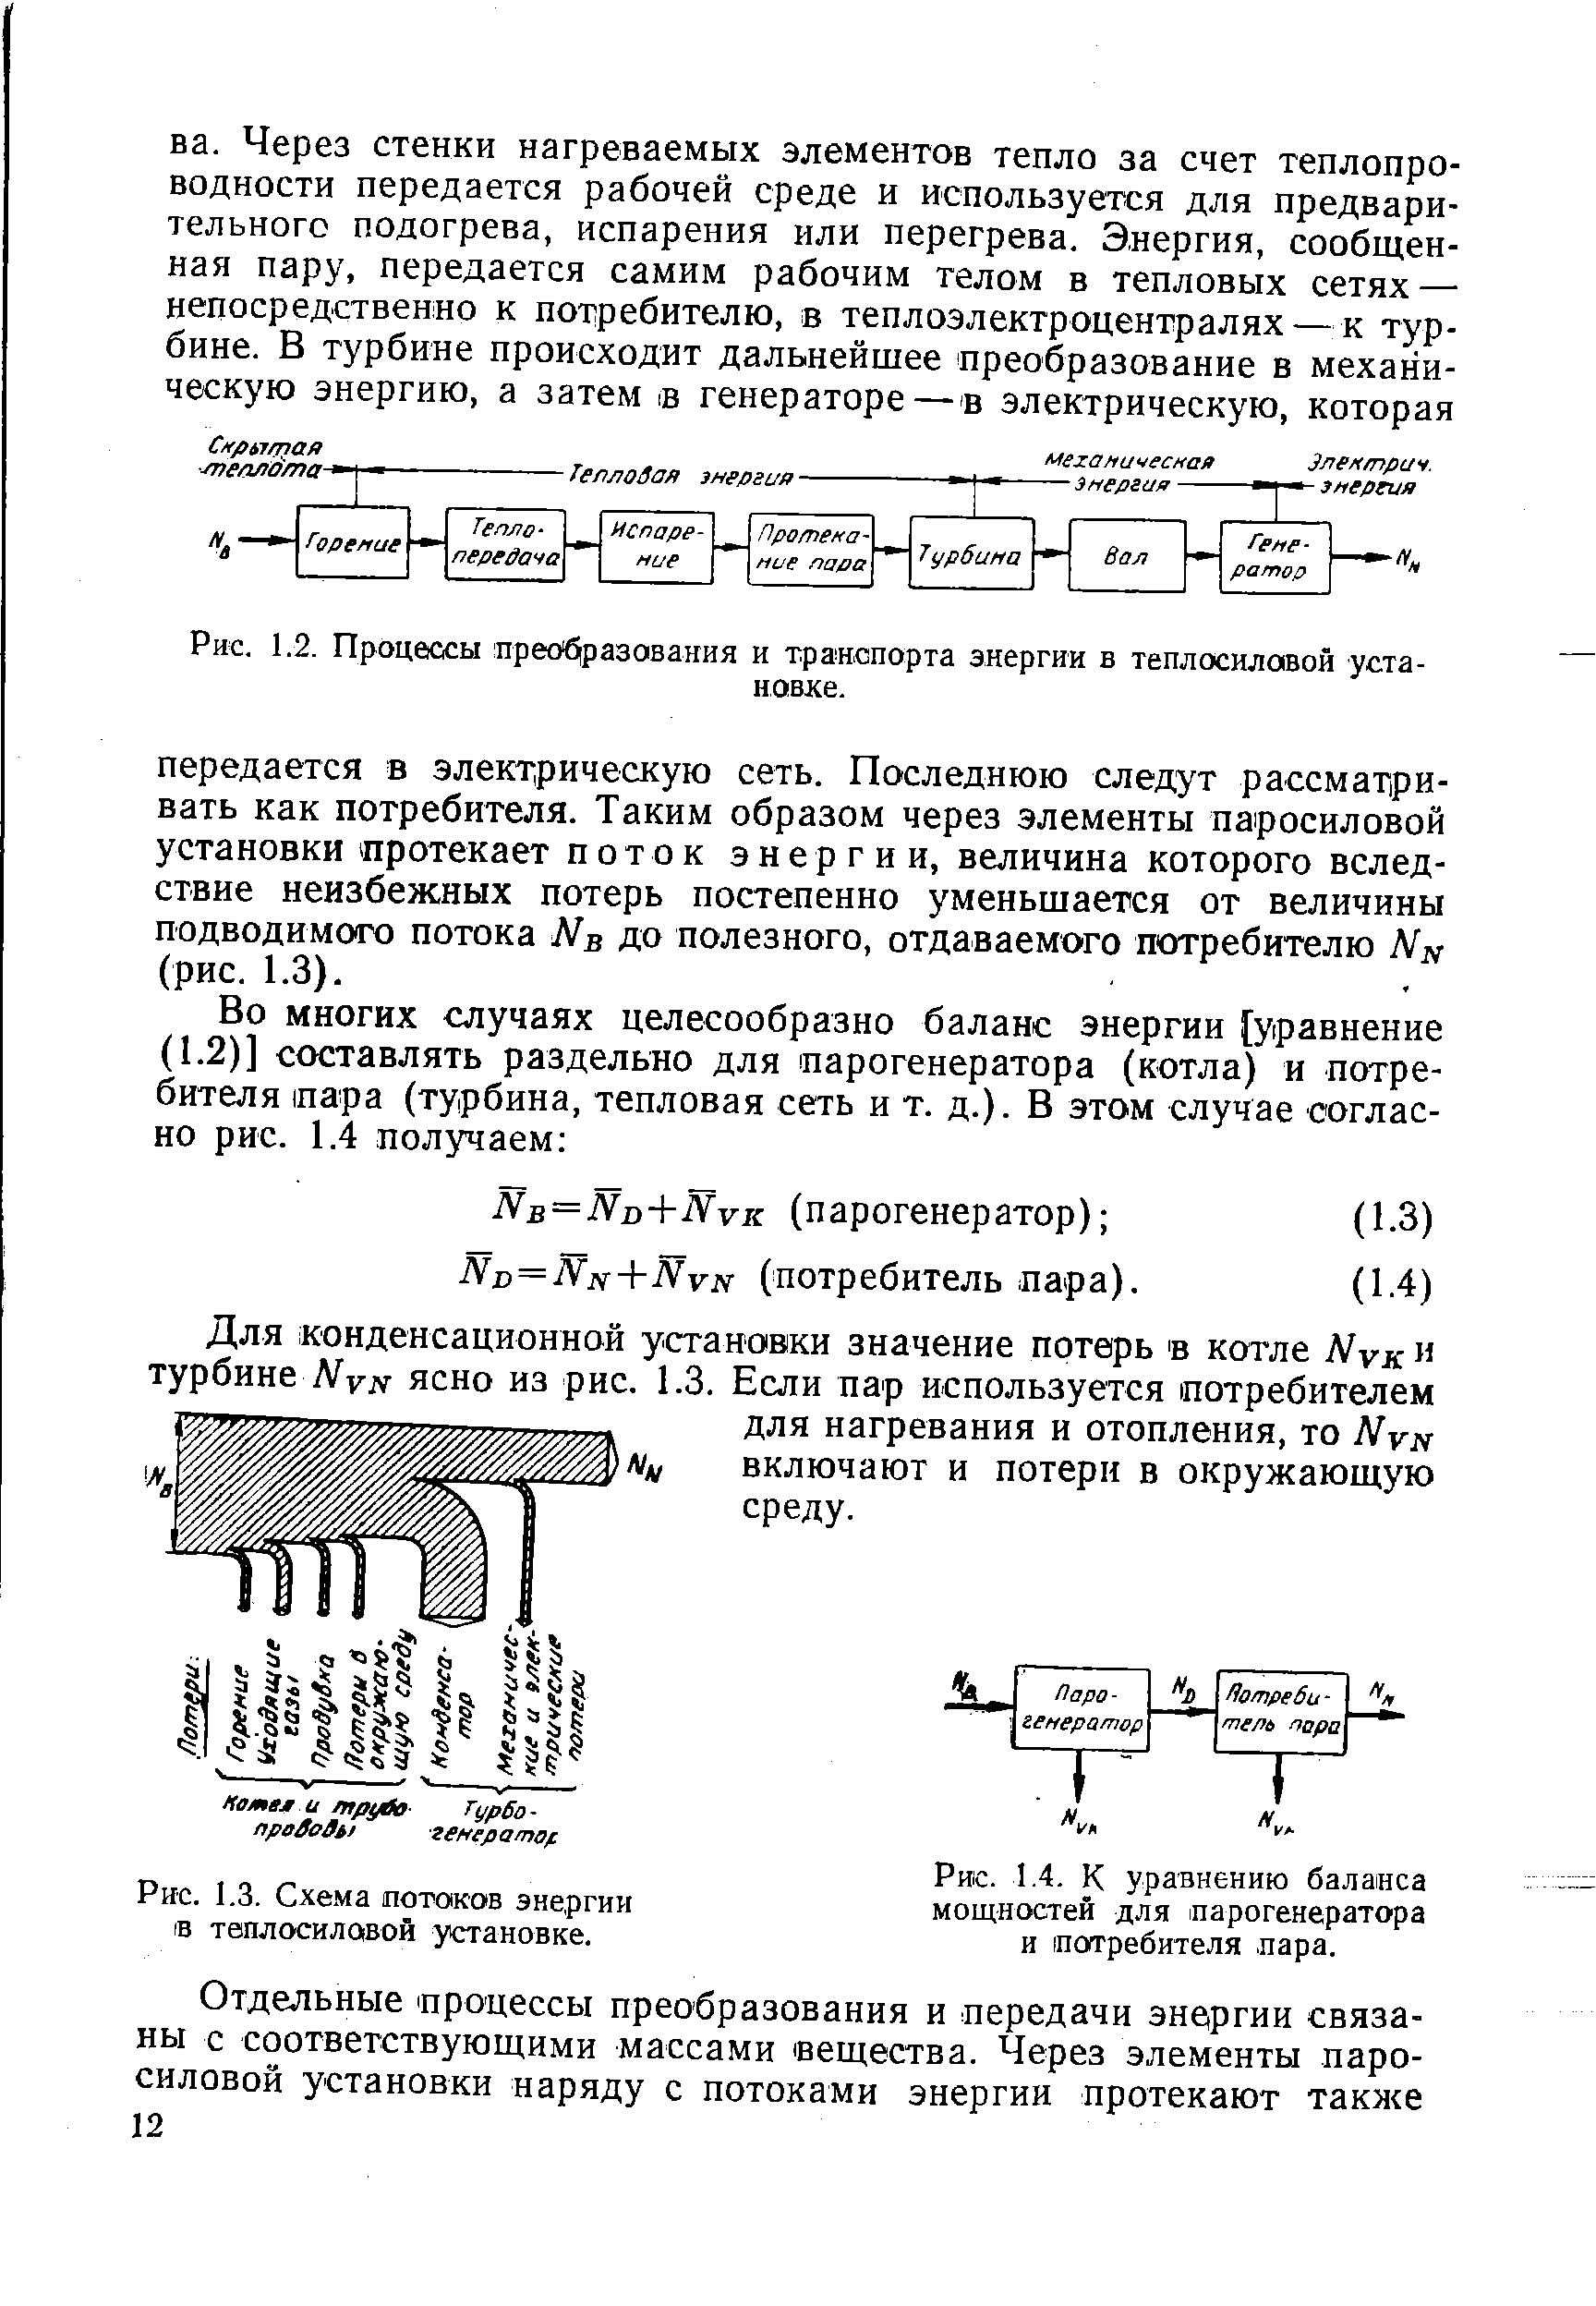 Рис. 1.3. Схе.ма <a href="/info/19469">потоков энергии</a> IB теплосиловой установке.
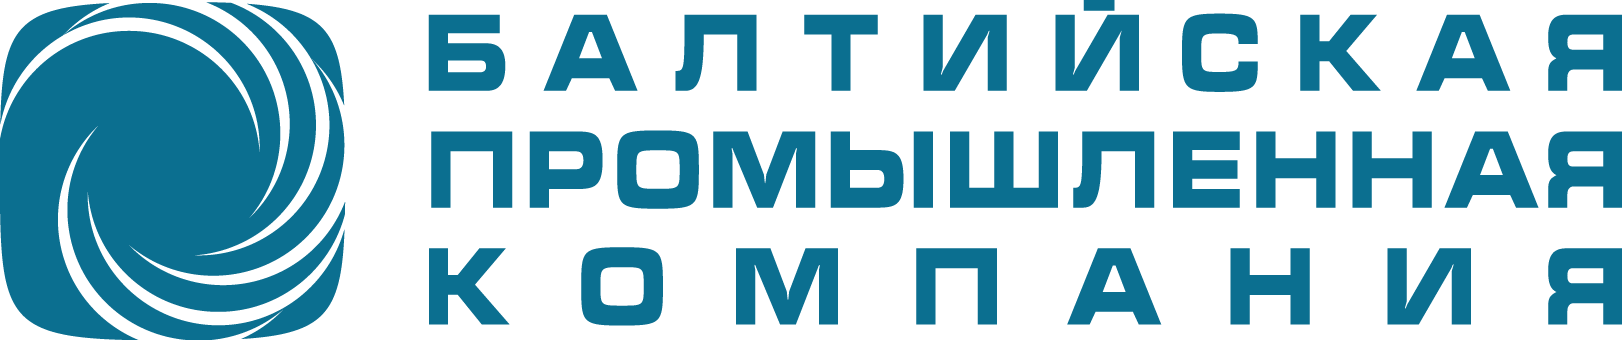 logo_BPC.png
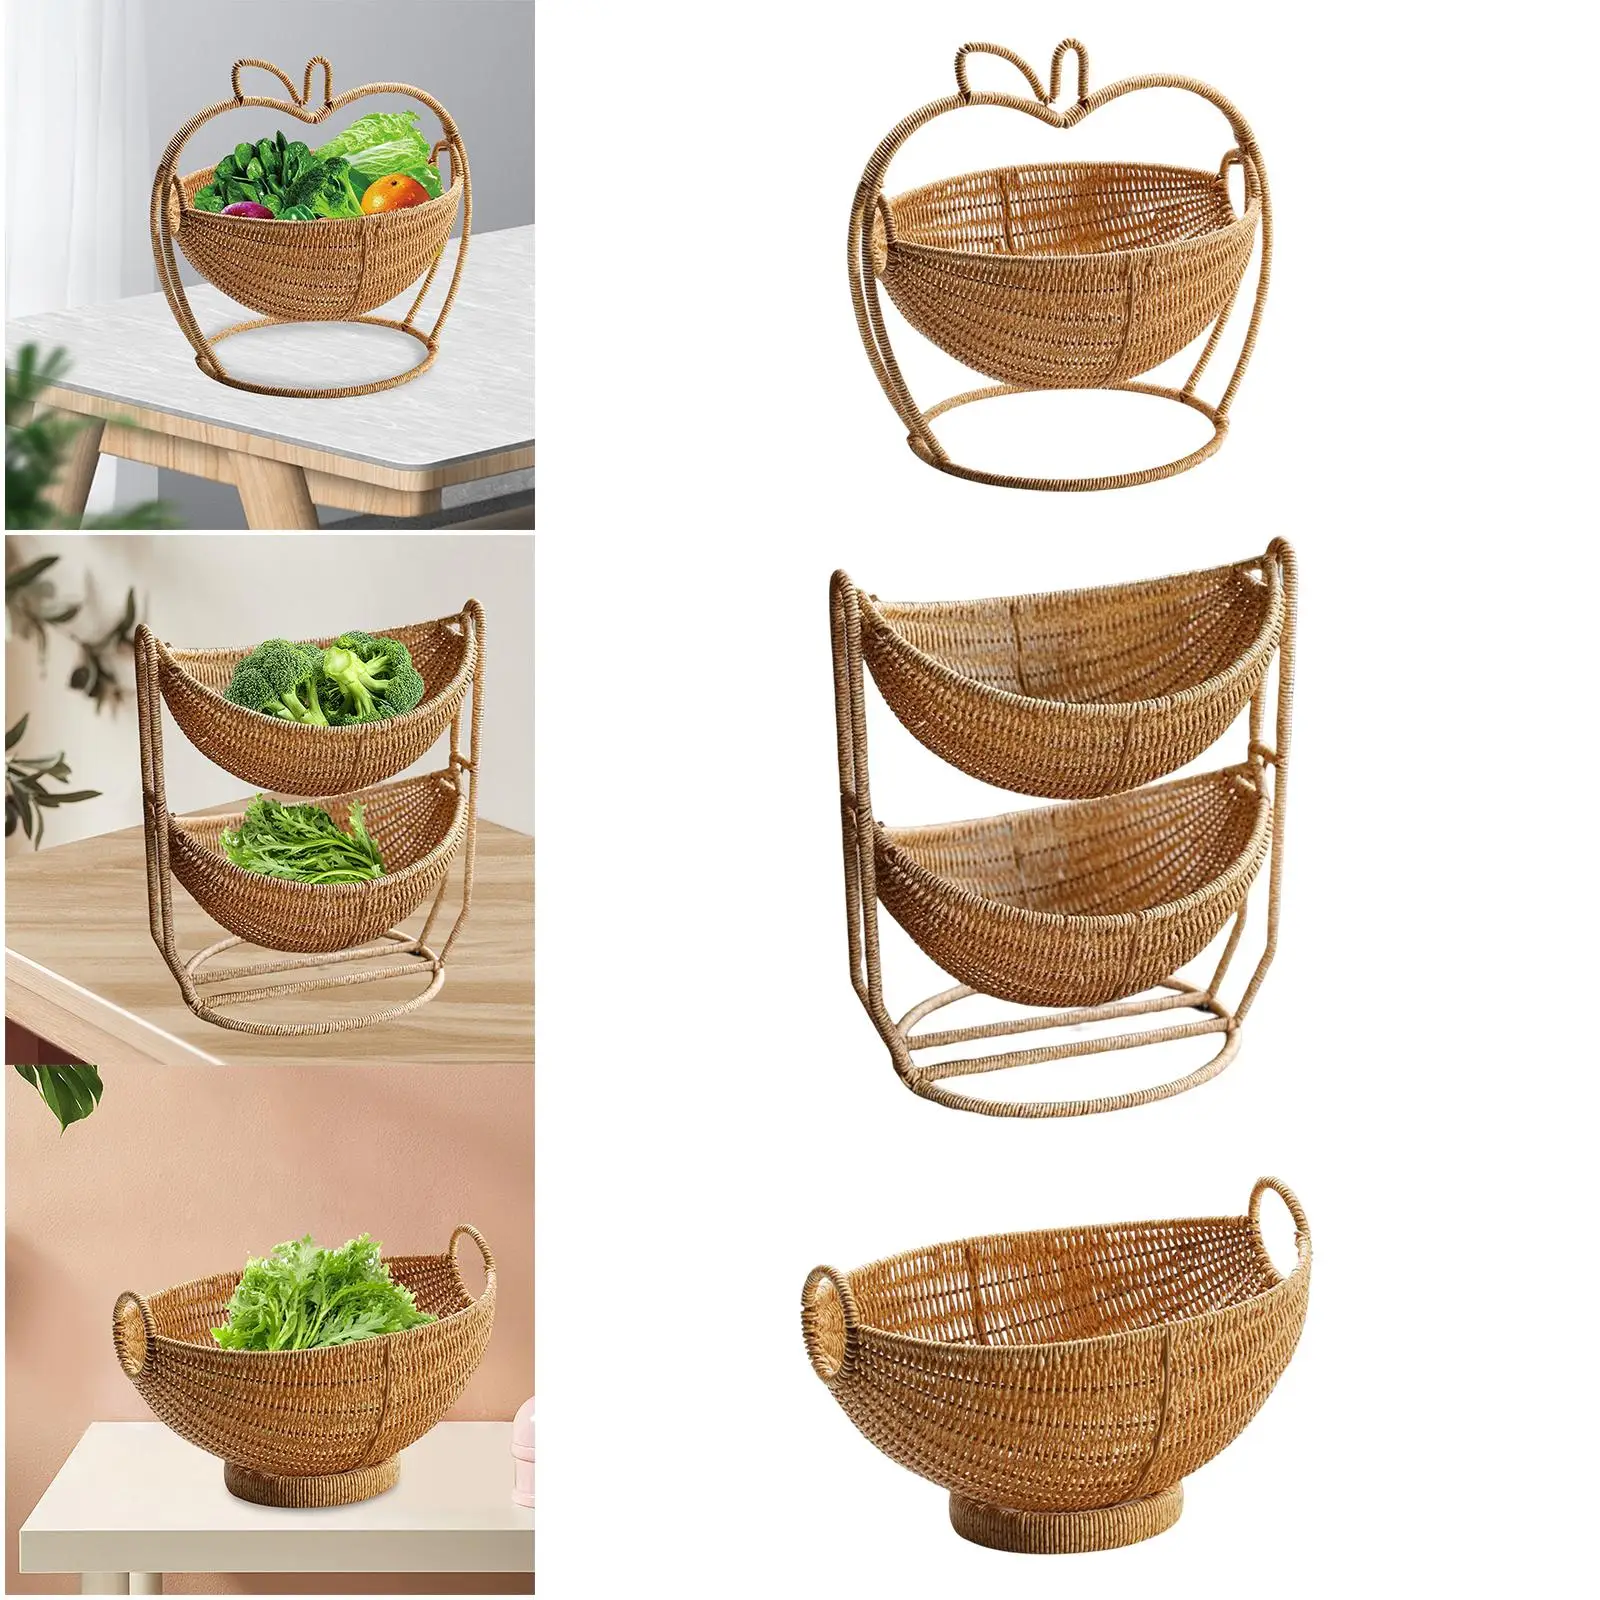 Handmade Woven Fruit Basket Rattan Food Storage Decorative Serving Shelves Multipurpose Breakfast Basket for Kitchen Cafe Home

-- -- --

■ TASK DIRECTIONS ■
Nothing but the listing, copied exactly and stripped of its images, should appear in the response.

■ SOLUTION TO THE PROBLEM ■
 Рис. 1.3. Схе.ма <a href="/info/19469">потоков энергии</a> IB теплосиловой установке.
 logo_BPC.png
 Handmade Woven Fruit Basket Rattan Food Storage Decorative Serving Shelves Multipurpose Breakfast Basket for Kitchen Cafe Home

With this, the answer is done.